GCAcademic · 15/02/2020 14:03

But if you need an explanation a bigot is someone who is intolerant of those holding other opinions

So, all the Labour leadership candidates, and most of the deputy leadership ones as well, then?

reginafelangee · 15/02/2020 14:14

@gcacademic it's true a couple of them are a bit troubling on anti-semetism and I haven't bothered looking at some of the ones who have no chance in the deputy contest. But apart from that I have to disagree with you.

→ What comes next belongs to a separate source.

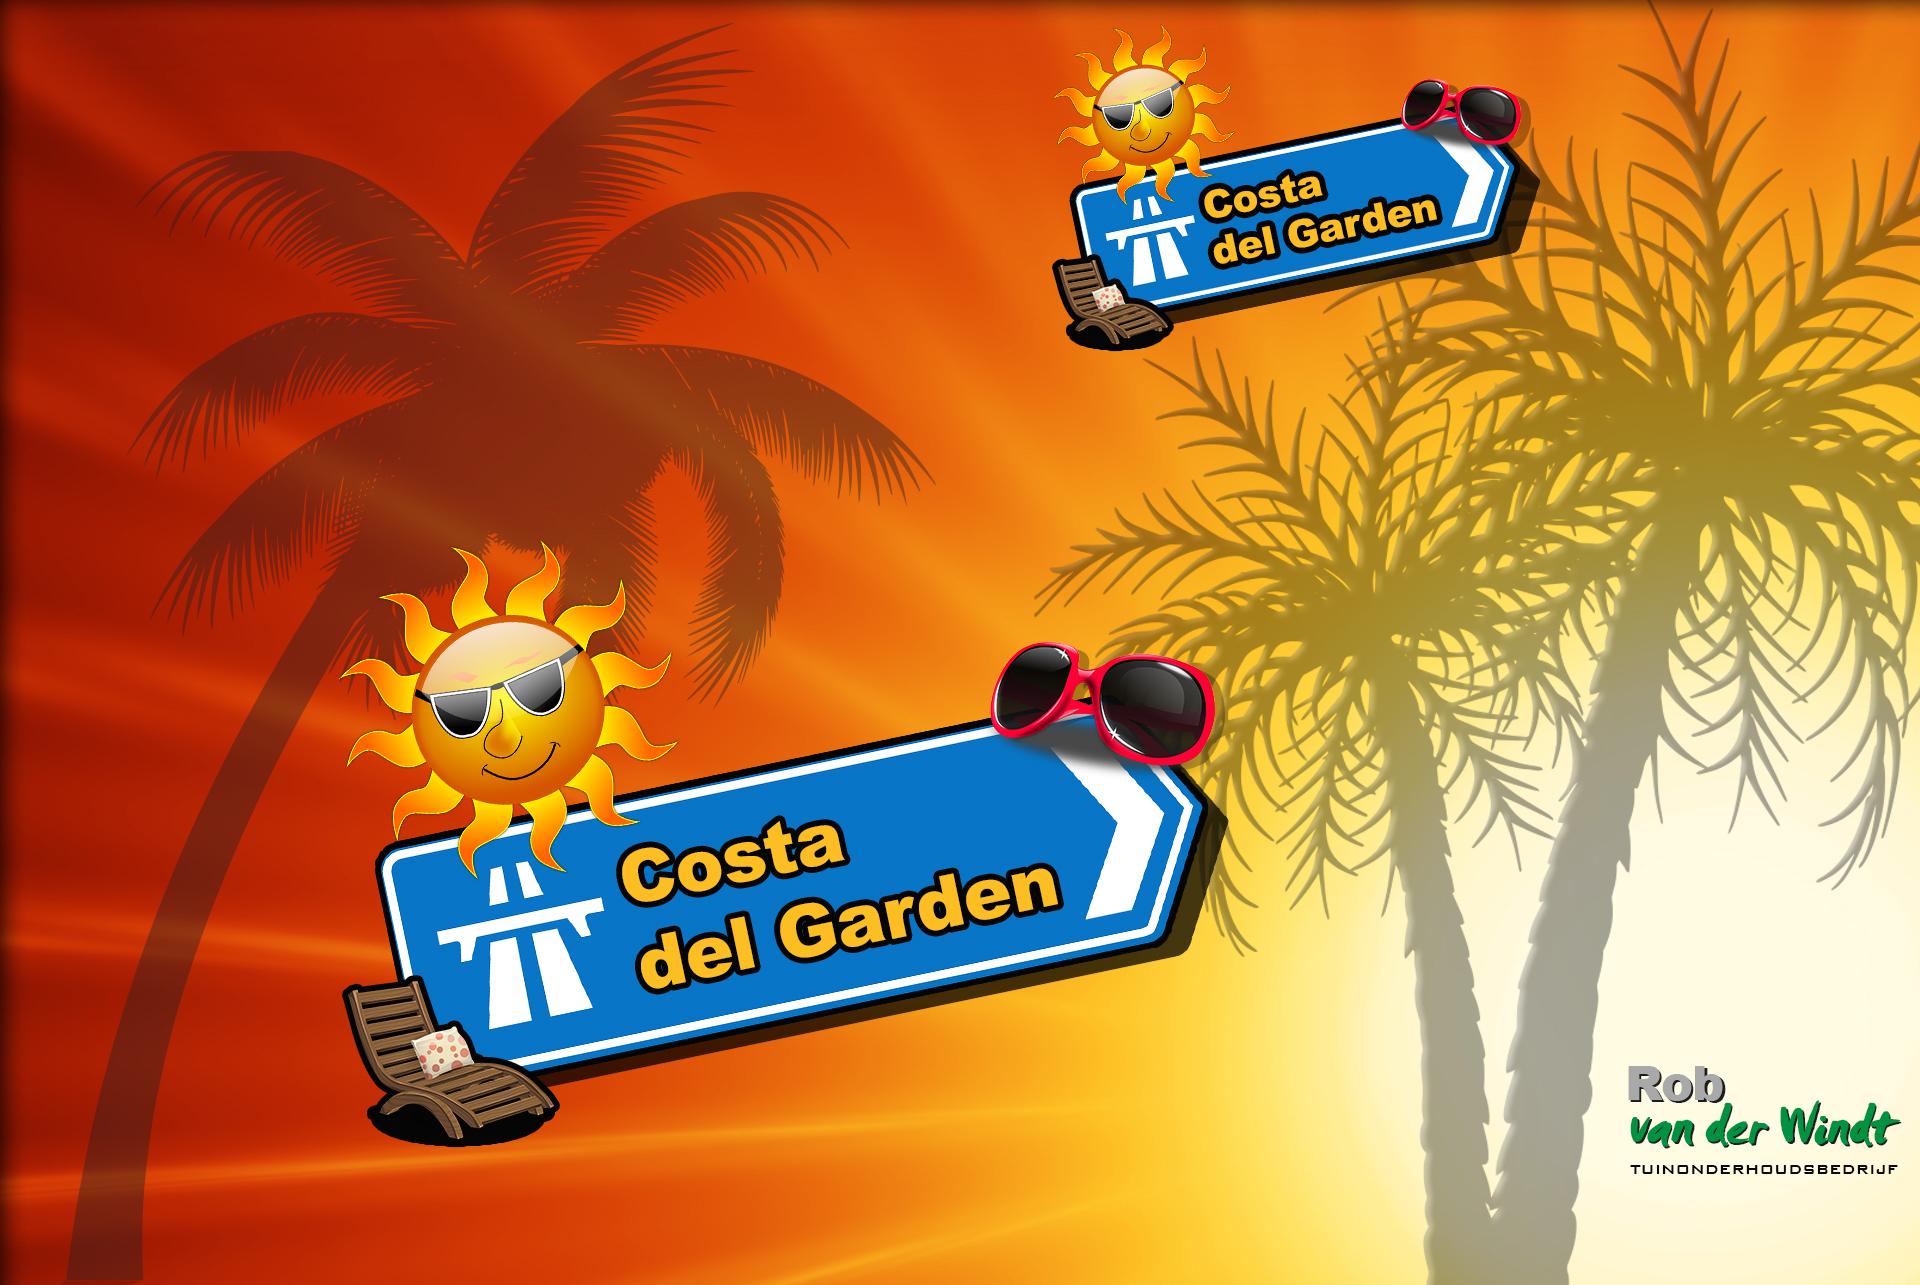 Coronacrisis? Vier vakantie in eigen tuin!

BuzzShitbagBobbly · 15/02/2020 14:17

This should be interesting:

8pm, Monday, channel 4

Live: The Labour Leadership Debate

SUMMARY
As the Labour Party comes to terms with its worst election defeat in more than 80 years, who should take over from Jeremy Corbyn as its next leader? Krishnan Guru-Murthy moderates as candidates Rebecca Long-Bailey, Lisa Nandy, Keir Starmer and Emily Thornberry go head to head in front of an audience of past, current and potential future Labour voters.

everythingisginandroses · 15/02/2020 14:26

I am not on Twitter but if I was I wouldn't use a hashtag that said #expelme, in case someone took me up on it... Pledges come and go, so do leaders. I'm not going anywhere.

ExEUCitizen · 15/02/2020 14:36

And just what will you be supporting, or even enabling, if you stay no matter what? Would you go anywhere if leaders required those they dub “transphobes” to wear yellow stars? Will you watch them be banned from all legitimate employment, or legally beaten in the streets? Everything is not him and roses unfortunately.

ExEUCitizen · 15/02/2020 14:37

gin stupid autocorrect!

AlanRickmanFanClub · 15/02/2020 15:03

I've never voted for Labour. It seems from the outside that they have a death wish. With all the women leaving in droves, there are insufficient numbers of Trans men or women to take their place in the membership, just when do they think they will ever win an election again?